6. Under Petrucelli's first step, the Court agrees with Defendant that no good cause has been shown to extend Plaintiff's time to effectuate service, which means that an extension of time to serve is not mandatory under Rule 4(m). While the dismissal without prejudice of the instant Complaint would appear to make a refiling untimely, see infra, Defendant correctly notes that the mere fact of "the running of the statute of limitations does not require the district court to extend time for service of process." Id. at 1306. Moreover, "a pro se litigant's ignorance of the rules does not constitute good cause sufficient to excuse a failure to timely serve process." Thomas v. United States, No. 05-332, 2007 WL 3231786, at *4 (D.N.J. Oct. 30, 2007). Plaintiff having failed to demonstrate good cause for her failure to effectuate proper service upon Defendant, the Court is not obligated to "extend the time for service for an appropriate period" under Rule 4(m).
7. The Court will nevertheless exercise its discretion and extend Plaintiff's time to effectuate proper service upon Defendant within ten days of the issuance of this Memorandum Opinion and the accompanying Order. As the Court recognized, supra, the EEOC notice of suit rights, which triggered Plaintiff's ninety-day window for filing suit over her Title VII claim, was issued on March 26, 2007, which would make any subsequent refiling of this action untimely. While the running of the statute of limitations does not automatically constitute good cause for an extension of time for service under Rule 4(m), the Court may take this factor into account in determining whether to exercise its discretion to authorize an extension of time to effectuate service. See Petrucelli, 46 F.3d at 1305. The Court also notes that although "[n]notice to a defendant that [it] has been sued does not cure defective service," Grand Entertainment Group, Ltd. v.

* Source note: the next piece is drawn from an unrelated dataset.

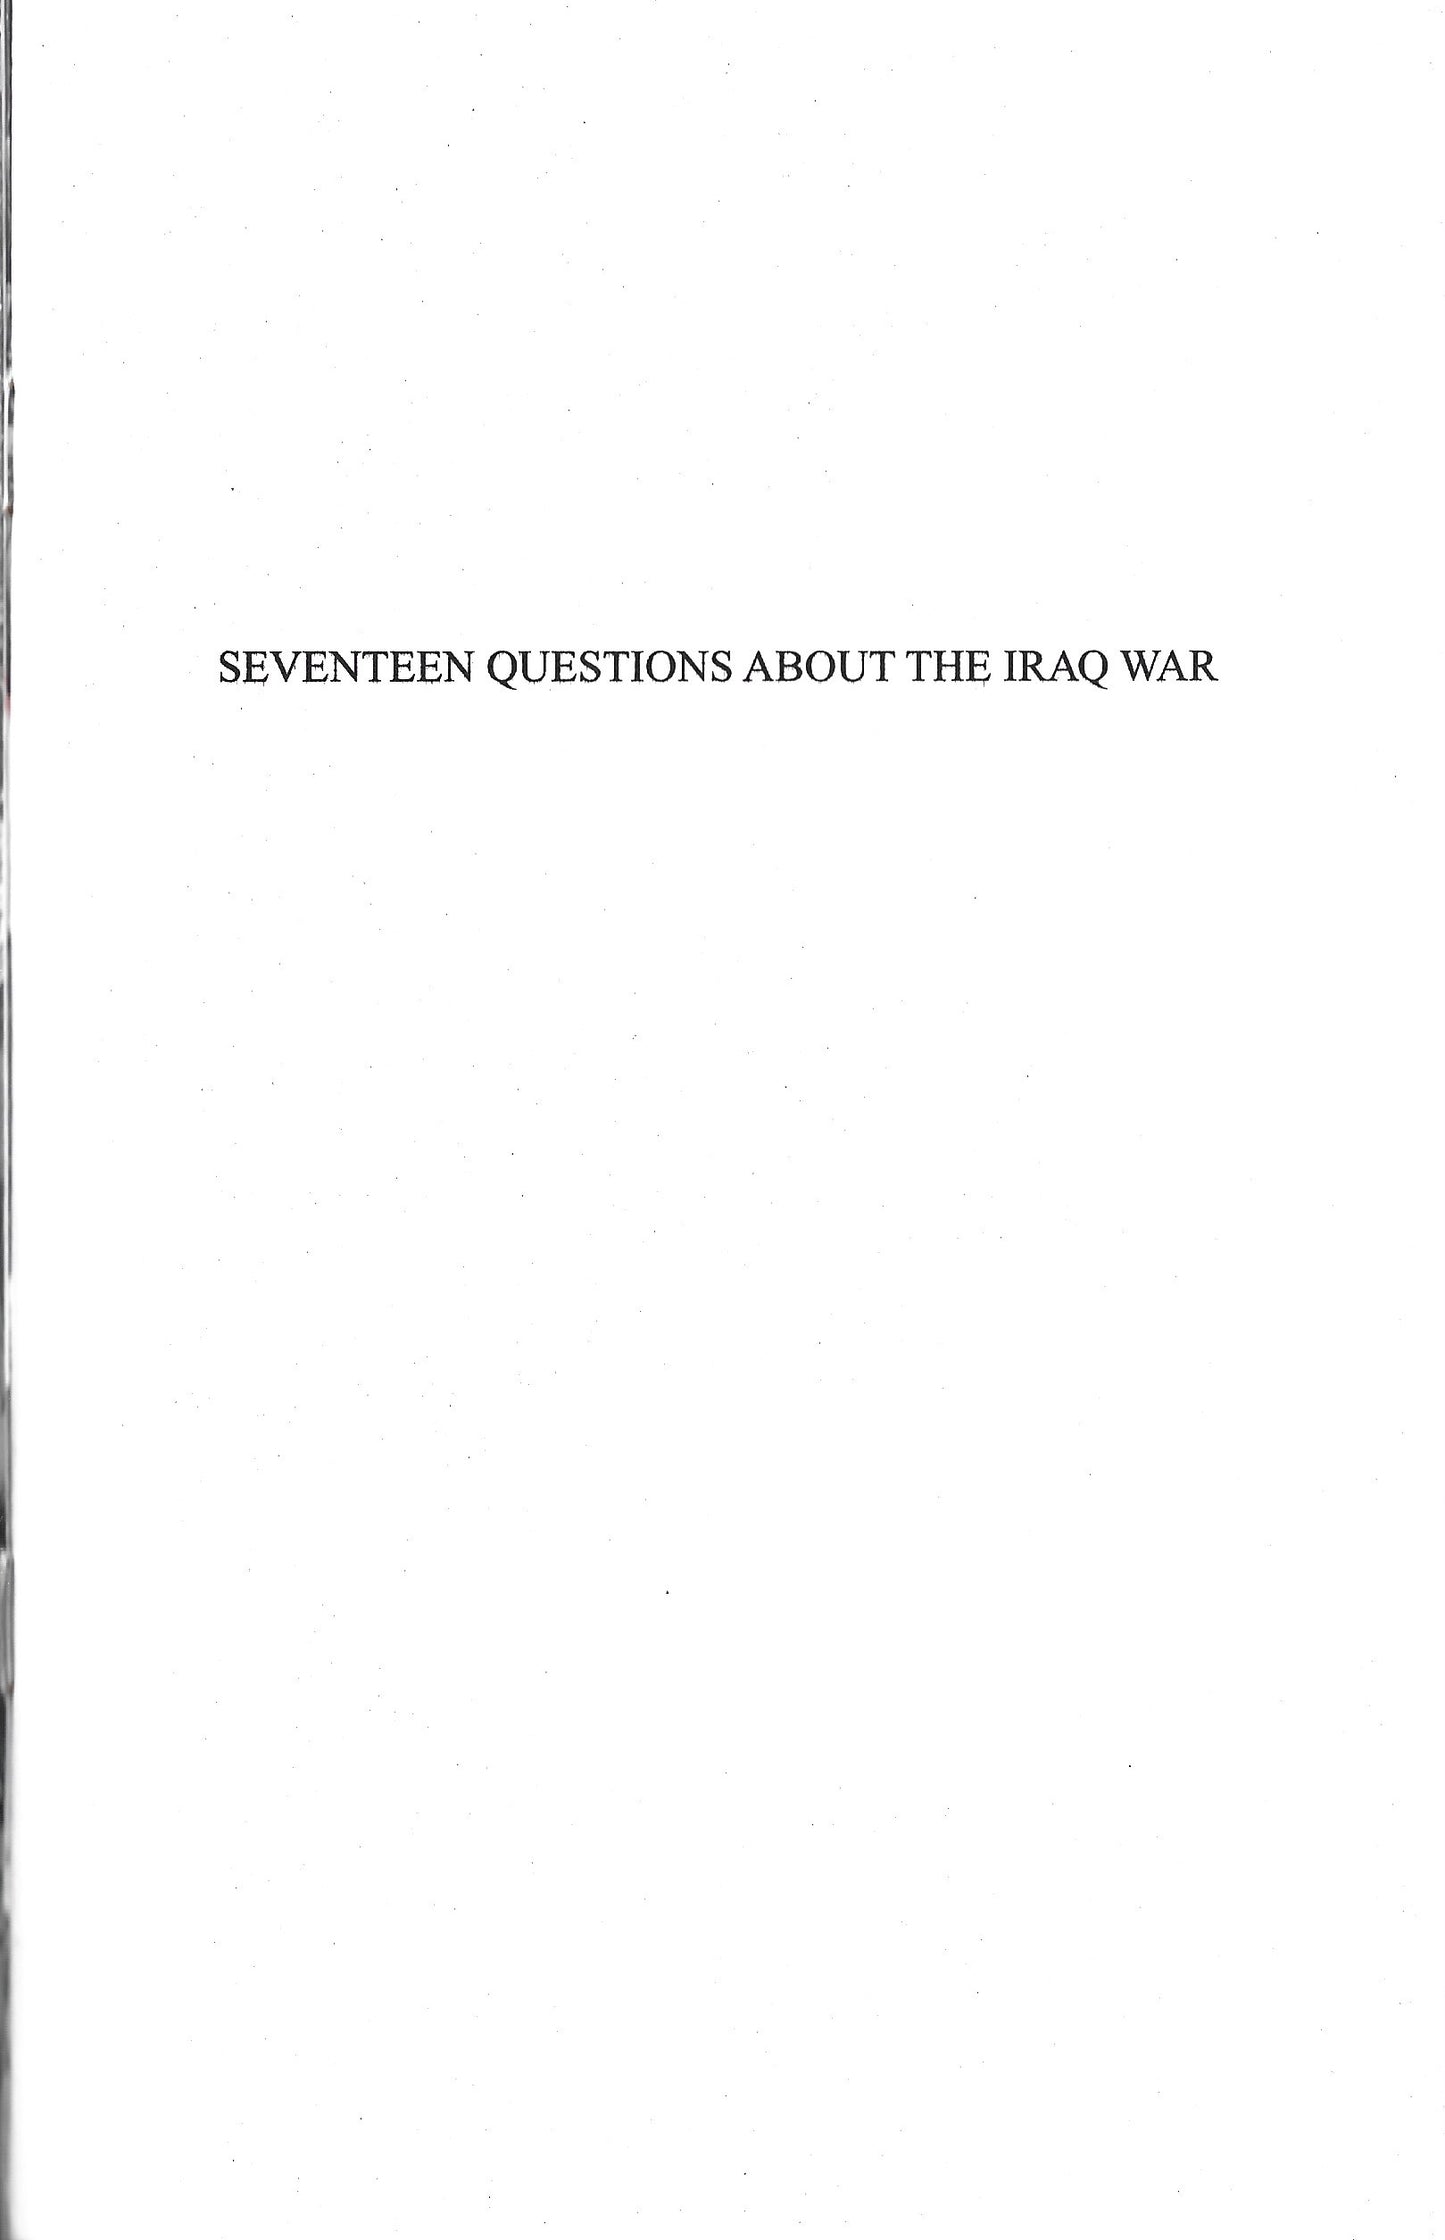 17 Questions About the Iraq War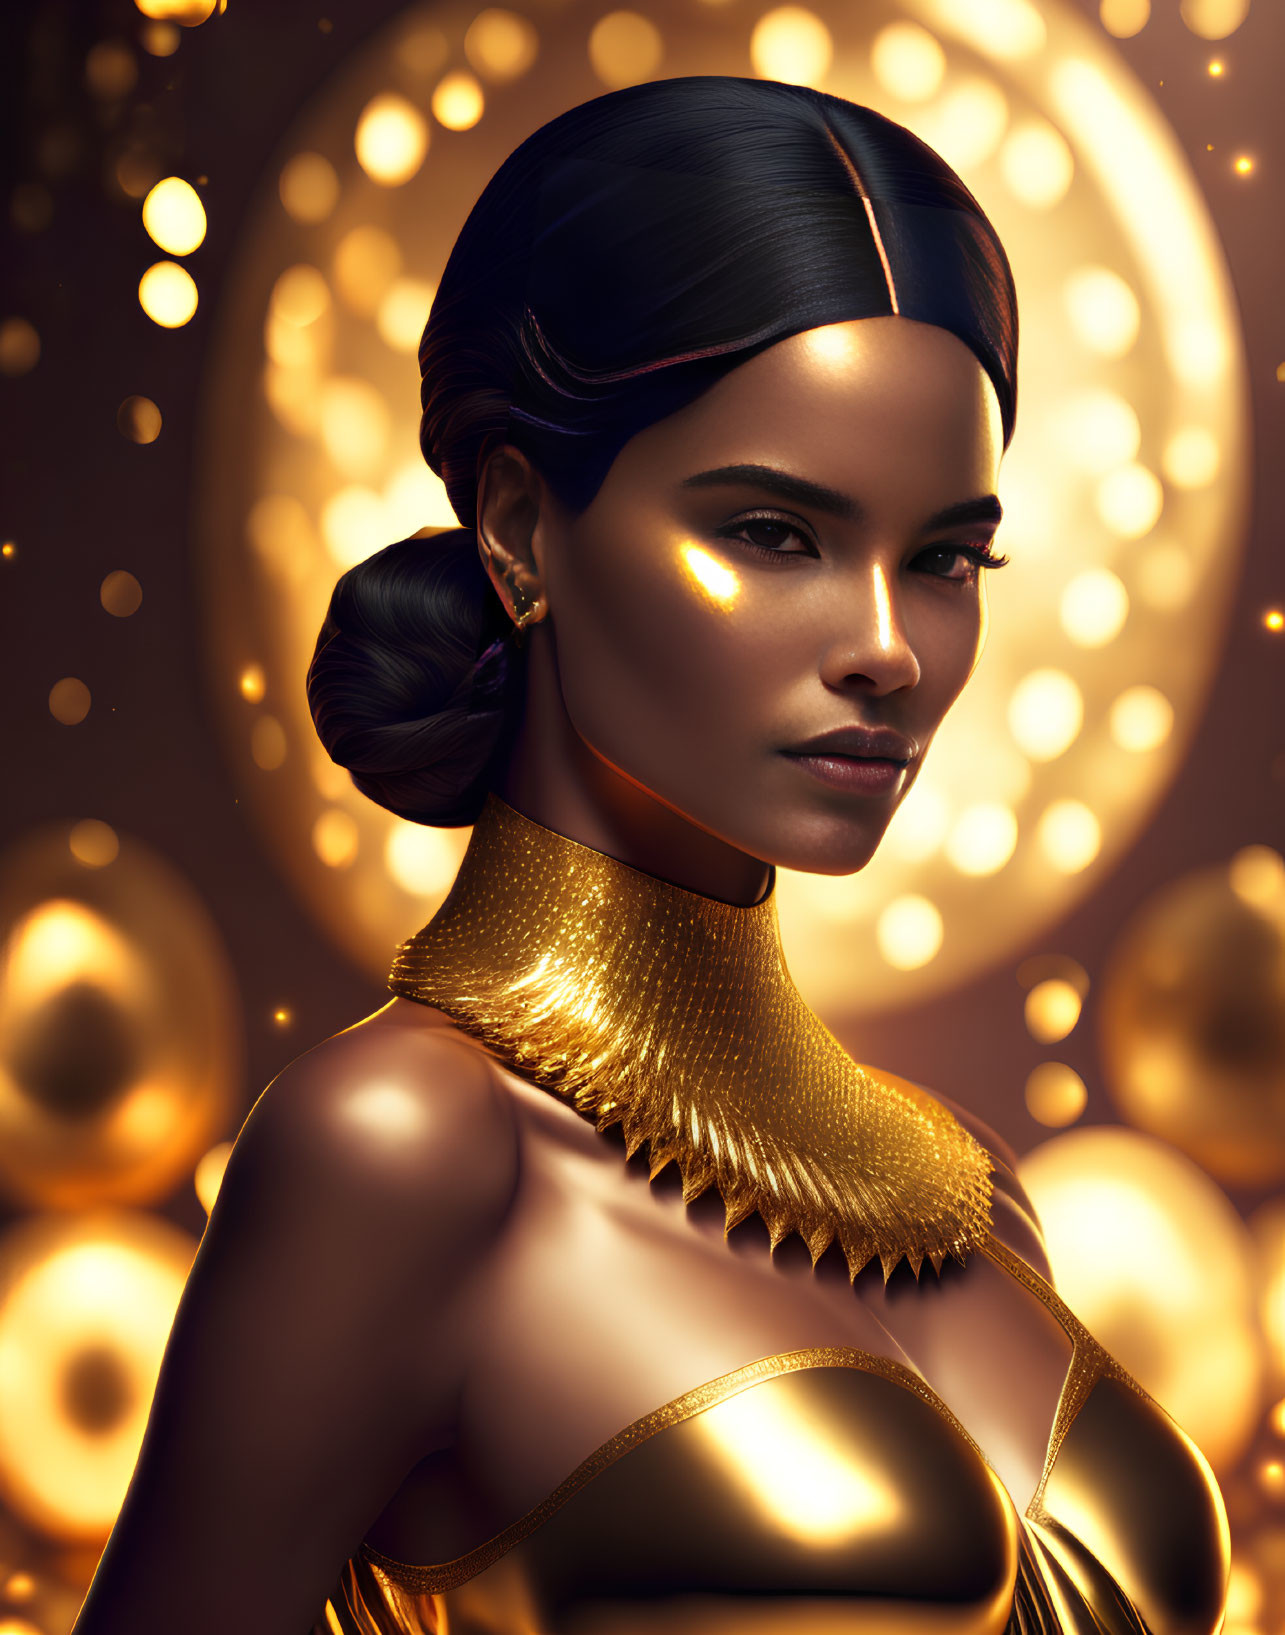 Stylish woman with sleek bun and gold choker in front of golden orbs

Star Media Sales, Inc., 988 F.2d 476, 492 (3d Cir. 1993), the fact that Defendant herein has notice of the nature of Plaintiff's claims discounts any minimal risk of prejudice that might result from the limited extension of time to file that the Court has determined to authorize.
8. The Court accordingly finds that, while Plaintiff failed to serve Defendant within 120 days of filing this action, and while Plaintiff's ultimate effort at service was improper, a brief extension of time for Plaintiff to effectuate proper service upon Defendant is appropriate in this case. Plaintiff must serve Defendant within ten days of the entry of this Memorandum Opinion and the accompanying Order, and file an affidavit of service with the Clerk of Court, or the Court will, upon motion by Defendant or sua sponte,*fn2 dismiss the Complaint due to insufficient service of process. Defendant's motion to dismiss will thus be denied without prejudice to its right to renewal if Plaintiff fails to make proper service in accordance with Rule 4(h), Fed. R. Civ. P., and the directives set forth herein. The accompanying Order will be entered.